We are engaged primarily in the ownership, operation, leasing, management, acquisition, expansion and development of real estate properties. Our real estate properties consist primarily of regional malls, Premium Outlet® centers and community/lifestyle centers. As of March 31, 2005, we owned or held an interest in 296 income-producing properties in the United States, which consisted of 172 regional malls, 30 Premium Outlet centers, 71 community/lifestyle centers, and 23 other properties in 40 states and Puerto Rico (collectively, the "Properties", and individually, a "Property"). Other properties are properties that include retail space, office space, and/or hotel components. In addition, we also own interests in twelve parcels of land held for future development (together with the Properties, the "Portfolio"). Finally, we have ownership interests in 51 European shopping centers (in France, Italy, Poland and Portugal), five Premium Outlets in Japan, one Premium Outlet center in Mexico, and one shopping center in Canada.
M.S. Management Associates, Inc. (the "Management Company") is our wholly-owned subsidiary that provides leasing, management, and development services to most of the Properties. In addition, insurance subsidiaries of the Management Company insure the self-insured retention portion of our general liability program, and the deductible associated with our workers' compensation programs, and provide reinsurance for the primary layer of general liability coverage to our third party maintenance providers while performing services under contract with us. Third party providers provide coverage above the insurance subsidiaries' limits.
2. Basis of Presentation
The condensed consolidated financial statements of the Operating Partnership include the accounts of all majority-owned subsidiaries, and all significant inter-company amounts have been eliminated. Due to the seasonal nature of certain operational activities, including overage rent revenues and property operating expenses, the results for the interim period ended March 31, 2005 are not necessarily indicative of the results to be obtained for the full fiscal year.
These condensed consolidated financial statements have been prepared in accordance with the instructions to Form 10-Q and include all of the information and disclosures required by accounting principles generally accepted in the United States (GAAP) for interim reporting. Accordingly, these accompanying consolidated financial statements do not include all of the disclosures required by GAAP. In our opinion, all adjustments necessary for fair presentation, consisting of only normal recurring adjustments, have been included. The condensed consolidated financial statements in this Form 10-Q should be read in conjunction with the audited consolidated financial statements and related notes contained in the 2004 Form 10-K.
As of March 31, 2005, of our 354 properties we consolidate 209 wholly owned properties, consolidate 20 additional properties that are less than wholly owned which we control or are the primary beneficiary, and account for 125 properties using the equity method of accounting (joint venture properties). We manage the day-to-day operations of 58 of the 125 joint venture properties. We also account for our interests in two joint ventures that hold ownership interests in the 51 shopping centers in Europe using the equity method of accounting.
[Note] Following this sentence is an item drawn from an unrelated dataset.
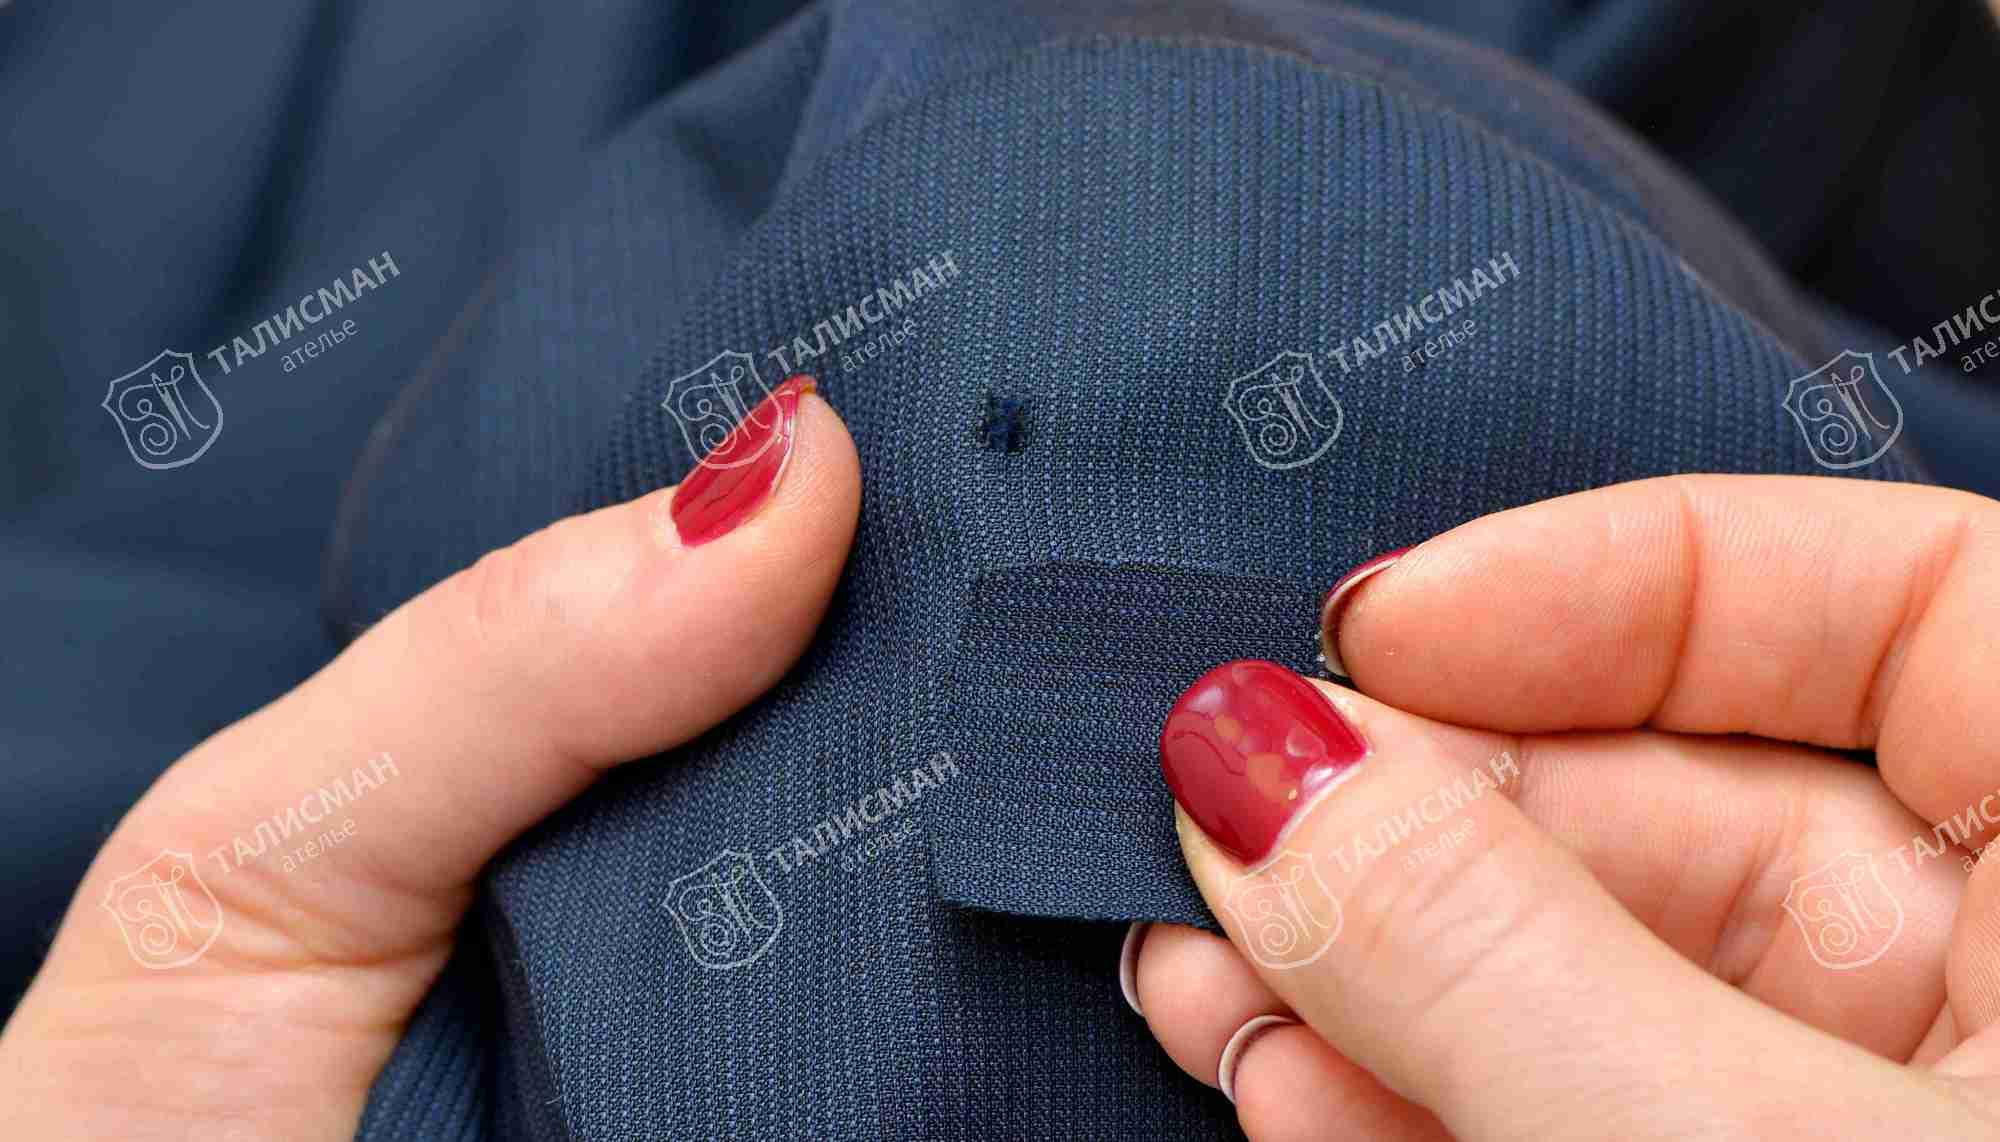 Как убрать зацепку на платье

We allocate our net operating results after preferred distributions based on our partners' respective weighted average ownership interests. In addition, Simon Property owns certain of our preferred units. Simon Property's weighted average ownership interest in the Operating Partnership was 78.5% and 76.8% for the three months ended March 31, 2005 and 2004, respectively. As of March 31, 2005 and December 31, 2004, Simon Property's ownership interest in us was 78.5% and 78.2%, respectively. We adjust the limited partners' interest at the end of each period to reflect changes in their ownership interest in the Operating Partnership.
6
We made certain reclassifications of prior period amounts in the financial statements to conform to the 2005 presentation. These reclassifications have no impact on net income previously reported.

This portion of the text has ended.